# Details about the next big comet 2014 UN271?

The announcent of the massive trans-Neptunian object 2014 UN271 to be a comet is rather new (June 22nd, 2021) and really exciting. That comet is rather huge (~100km diameter) and "falling toward the sun for a 'approach' outside the orbit of Saturn in early 2031." (citing the spaceweather.com-newsletter from today).

The name of the object suggests that it has been first observed in 2014, but do I understand it correctly that only now we learned that the object is outgasing therefore deserves the classification "comet"?

Its perihelion of 10.95 AU will occur in late January 2031. Will it be more impressive to observe than Halley in February 1986? Halley's perihelion was 0.586 AU, but it has only 11km diameter, so I am wondering how much bigger (or smaller) 2014UN271 will appear for the observer on Earth.

• The Wikipedia article you link to does mention “Once at perihelion, the suspected comet is not expected to get brighter than Pluto (mag 13–16) and is more likely to reach the brightness of Pluto's moon Charon (mag 16.8).” Jun 23, 2021 at 20:58

A comet's impressiveness is not so much determined by the nucleus size - it depends on its activity, and thus its coma and tail size. Activity is not easily relatable to the size of the comet, but there is a way:

As to the influence of the size of the comet: it has an influence on the tensile strength of the cometary material due to compaction. Following the Rosetta mission we find many evidence that comets form by a gentle gravitational collaps of a cloud of mm-sized pebbles in the protoplanetary nebula.
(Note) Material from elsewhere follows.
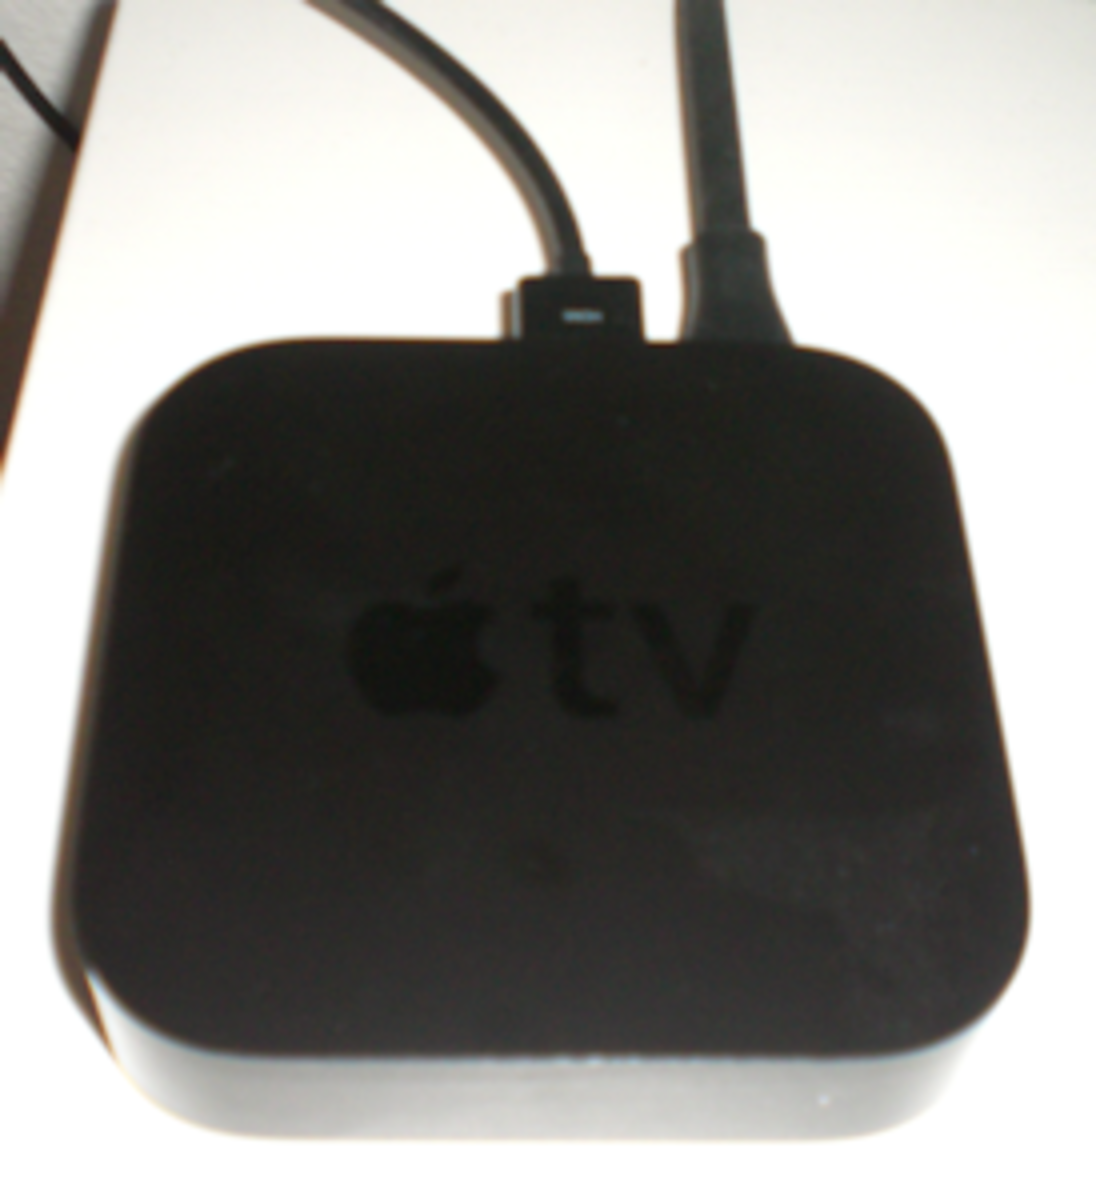 Apple TV in use.

Thus the tensile strength ist primarily determined by the nucleus size due to graviational compaction - and once compacted it will not become less compact.

A nucleus is active when the tensile strength can be overcome by the gas pressure and this gas drags the dust away from the nucleus to form the coma and tail. Thus for a large comet nucleus only the upper layers are weak enough that a gas pressure can overcome it while for smaller comets, the tensile strength is small enough at any depth to be overcome by the gas pressure during perihelion passage; this works best for comets smaller than somewhere around 5km nucleus size (see Gundlach & Blum (2006) in total, but especially fig 2).

While age and perihelion passages thus might not play a large role for small comets, it plays a huge role the larger the object is: the more perihelion passages, the depleted the nucleus might be in volatile materials, thus the activity and outgassing will be less and it will be less impressive as the then-present surface will be too strong to show considerable outgassing.

Thus in summary: if this object has not seen any perihelion passages we might get lucky at approach - but due to its size it will only have very little depth available to erosion, thus a spectacular view is quite unlikely and any volatile materials on the surface along with the dust quickly lost and the remaining material too strong to make a visual appealing comet.

That said, the distinction between comet and asteroid is certainly not as clear as one might sometimes hope - and it might actually just be a phenomenological distinction more than one based on physical properties or genesis. Quite a few asteroids might actually be dead comets where the volatile material on the surface was lost. And an icy asteroid from the outer solar system might show short-lived activity when entering the inner solar system before becoming inactive for the remainder of its life.

Adding to all the above: a perihelion of 10AU is far out - too far out for any object to form any significant outgassing. 67P Churyumov-Gerasimenko showed minimal first activity around 2...3 AU. Outgassing depends directly on insolation, thus a close-in perihelion is of absolute importance. Thus you can expect this object to be as well visible as any of the similarily-sized asteroids in the asteroid belts or Jupiter trojans: not much at all.